Data block »
*****
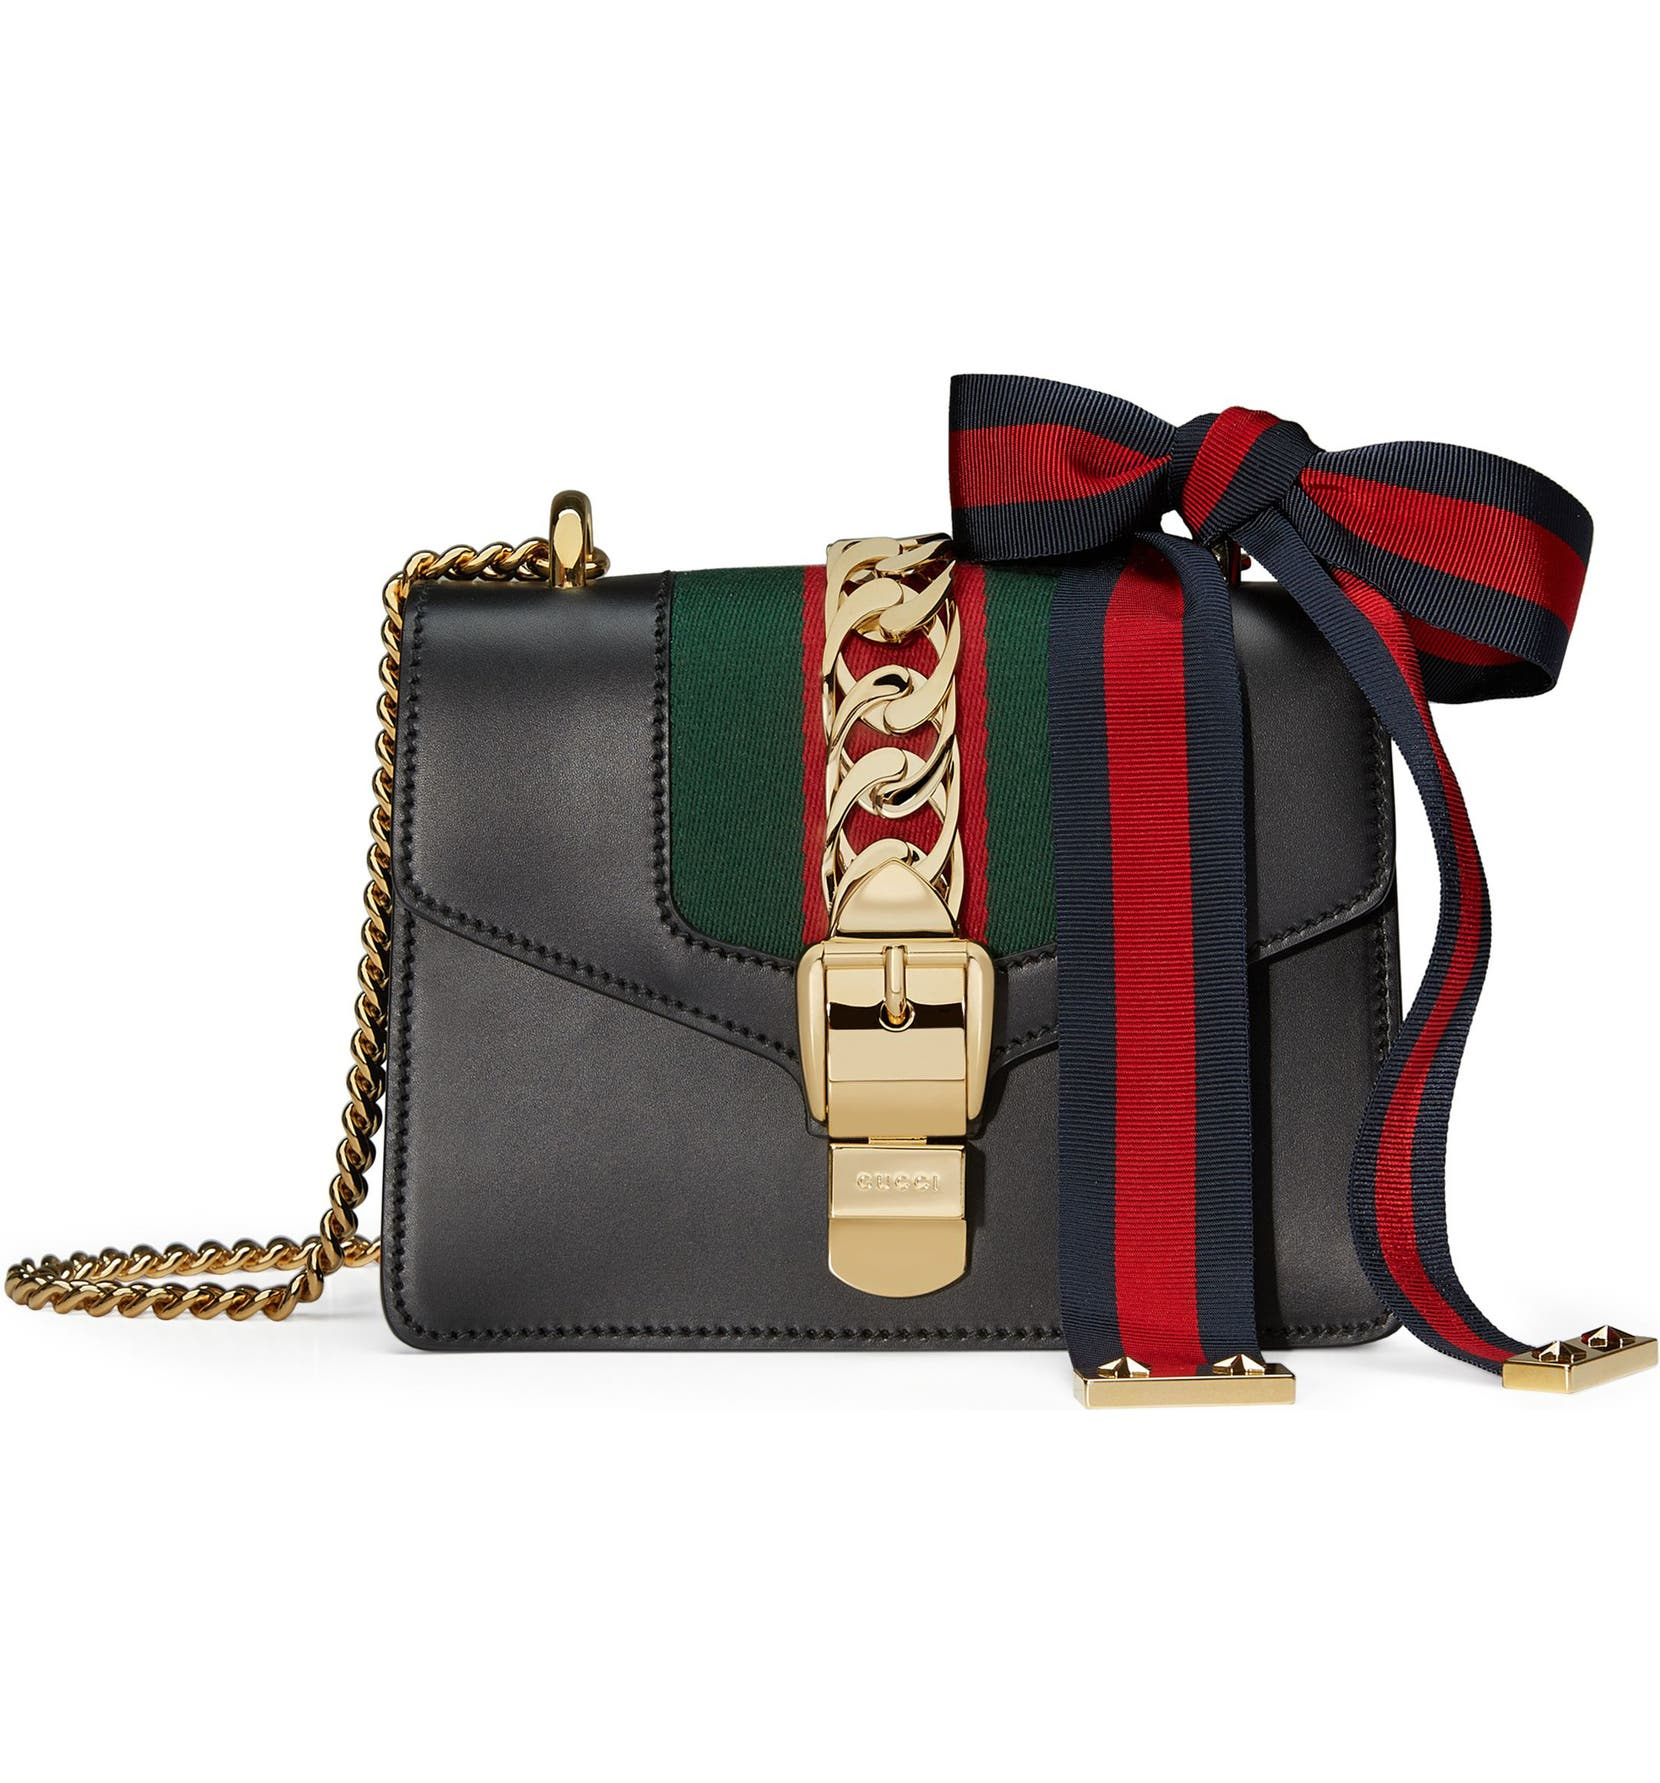 24e595258d6 Gucci Mini Sylvie Leather Shoulder Bag
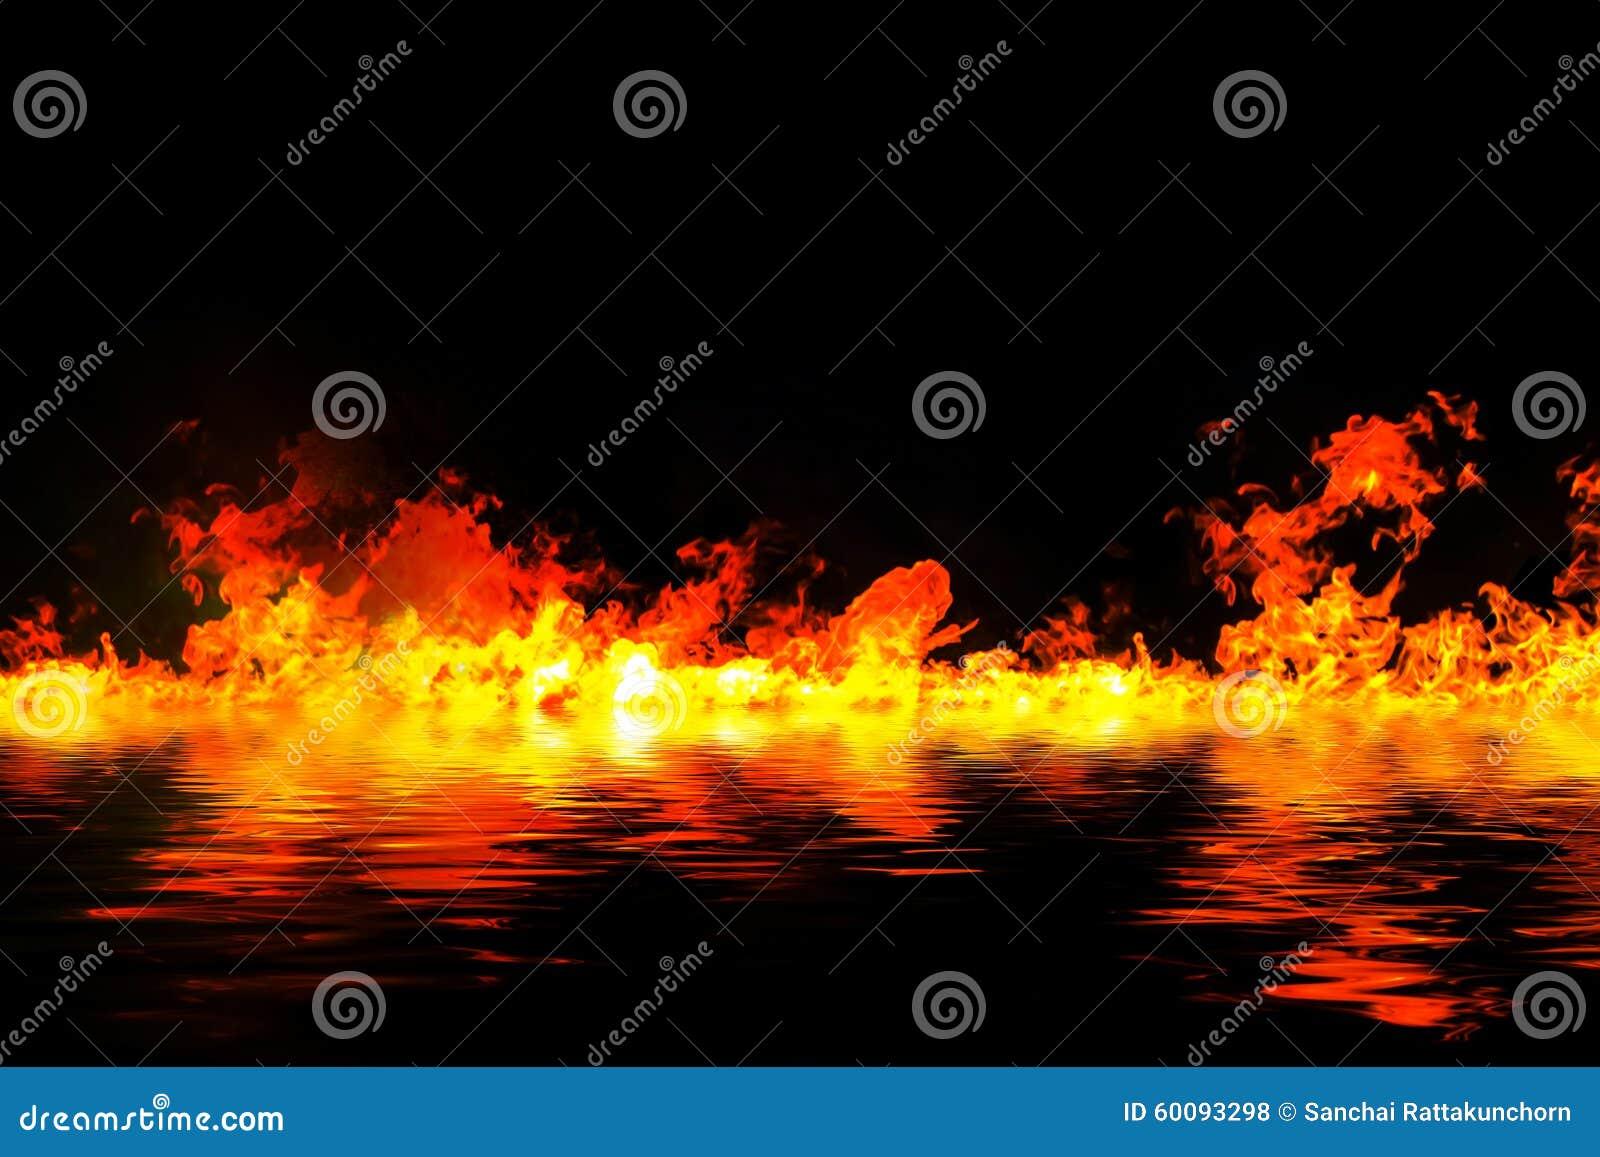 Llamas impresionantes del fuego con la reflexión del agua
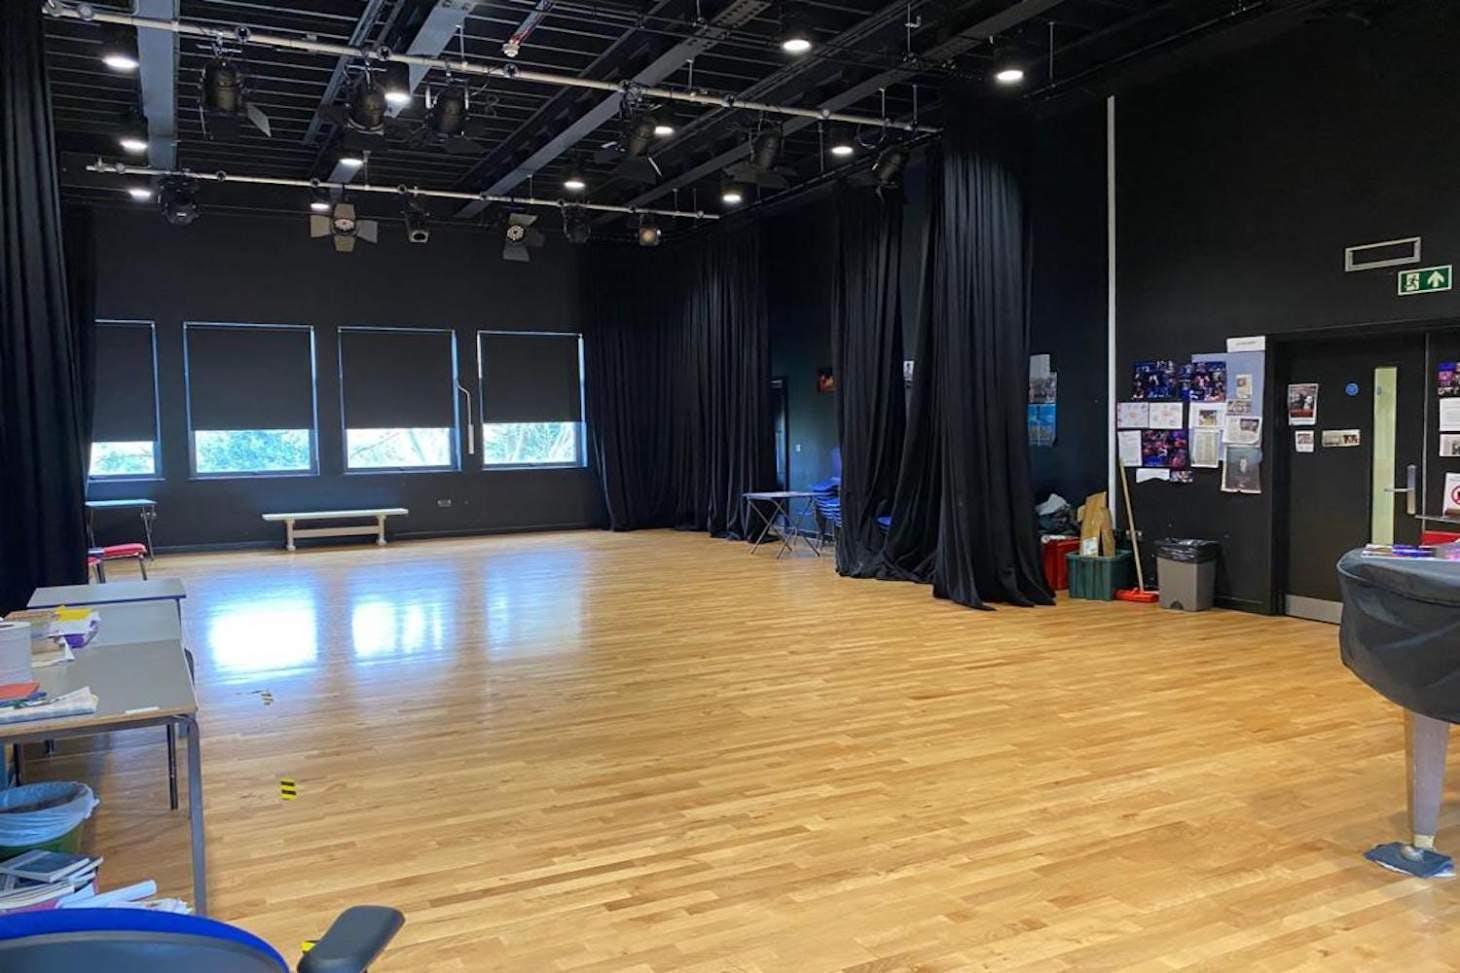 La Sainte Union School Drama studio space hire
*****
Exercise details »
Images are not wanted in the copy. Please print the material above exactly.

Exercise result »
 24e595258d6 Gucci Mini Sylvie Leather Shoulder Bag
 Llamas impresionantes del fuego con la reflexión del agua
 La Sainte Union School Drama studio space hire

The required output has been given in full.